As I thought about it more, I'm not even sure a prepare handler and calling pthread_atfork() is necessary. If this technique worked, why not just call it inline before the call to os.fork()? Suggestions are welcome!
I have not played with the other suggestions of #6, namely adding a __DATA__,__objc_fork_ok section, but I'm skeptical that those will solve the problem. And using an older SDK is also not a viable option.
I think the only safe thing to do on macOS is to call exec*() after fork(), use the spawn family of functions, or better yet use the subprocess module. I am going to rewrite our code at work to use the latter, even though it's less convenient.

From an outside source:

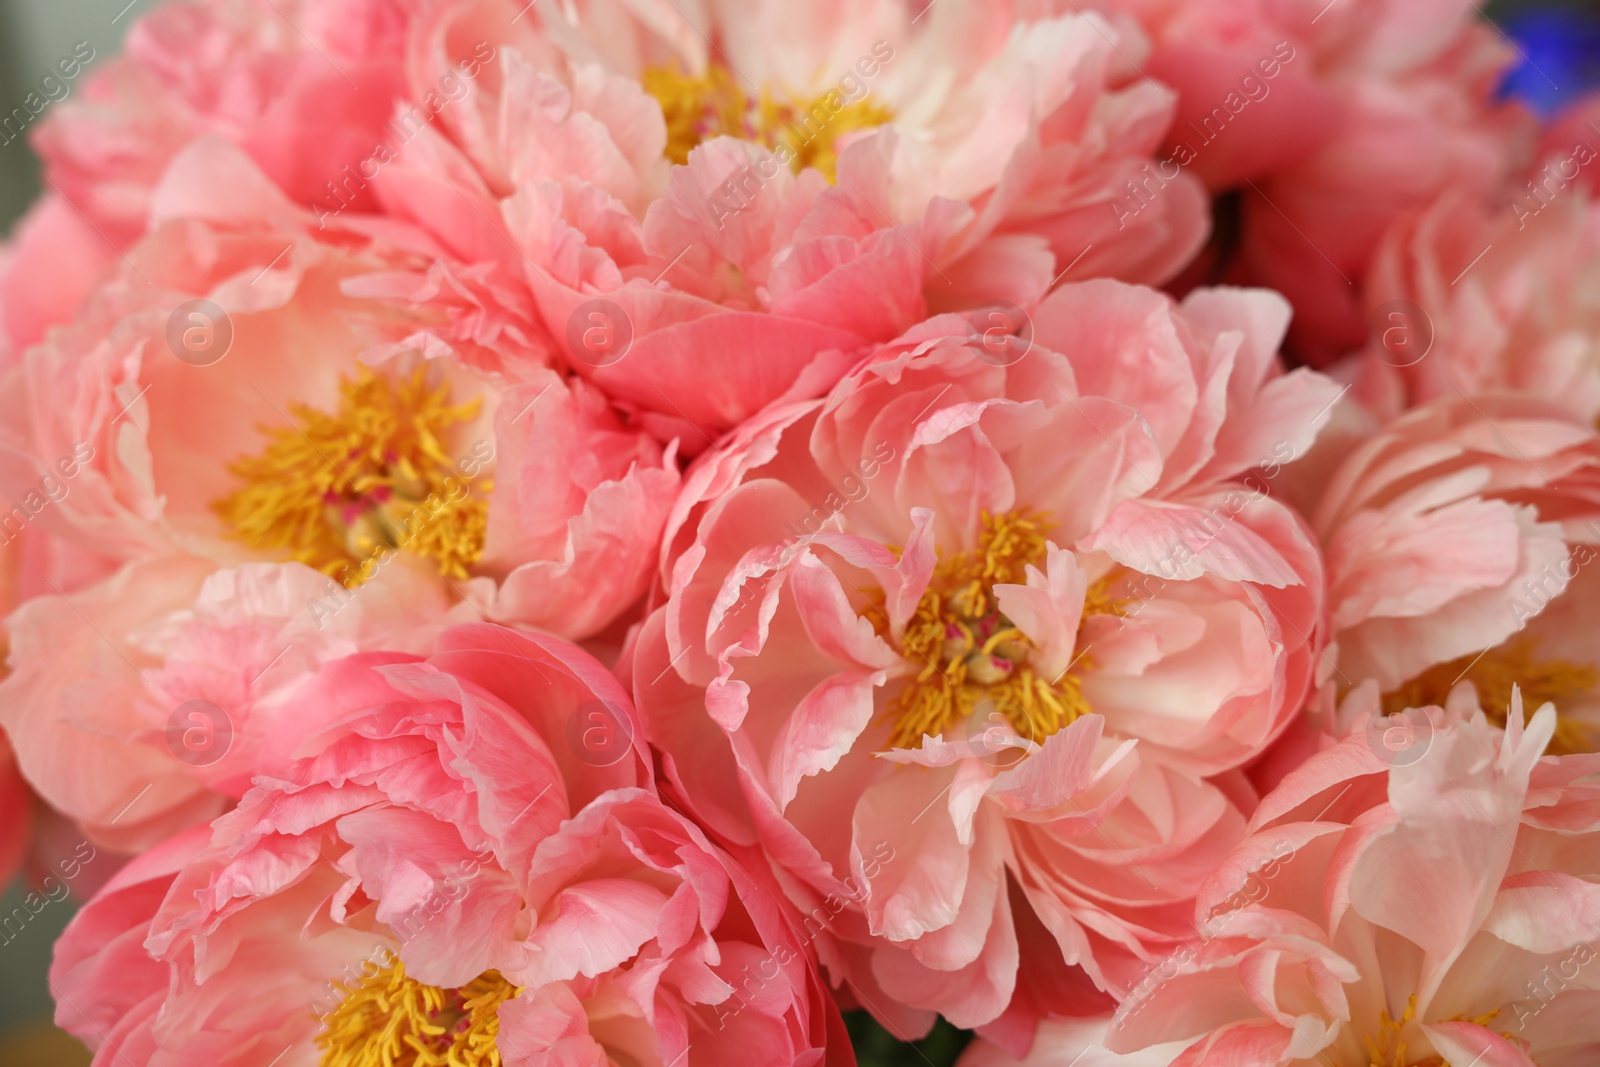 Photo of Many beautiful pink peony flowers, closeup view

If you come up with any other reliably viable solutions, please do add to the comments below, or on the open Python tracker issue.
I have a real love/hate relationship with these types of problems. On the one hand, they are frustrating and perplexing. All you have as evidence are some core files, and you may not even notice them unless you have core dumps enabled and notice your disk getting filled with them. Then the journey begins!
On the other hand, they can be really fun to investigate. You have to be adept at debugging C code, skilled at searching the interwebs, and clever in your implementations. And even then -- as is the case here -- you may not come up with a satisfying solution. But at least you learn a lot, and begin to build a picture of what's going on that hangs together, even if there are still some head scratching details, and little confirmation from other sources.
But it can be a fun way to waste a week of work time, and it can provide useful fodder for a blog that often gets neglected for long stretches of time.
Thanks Apple! <wink>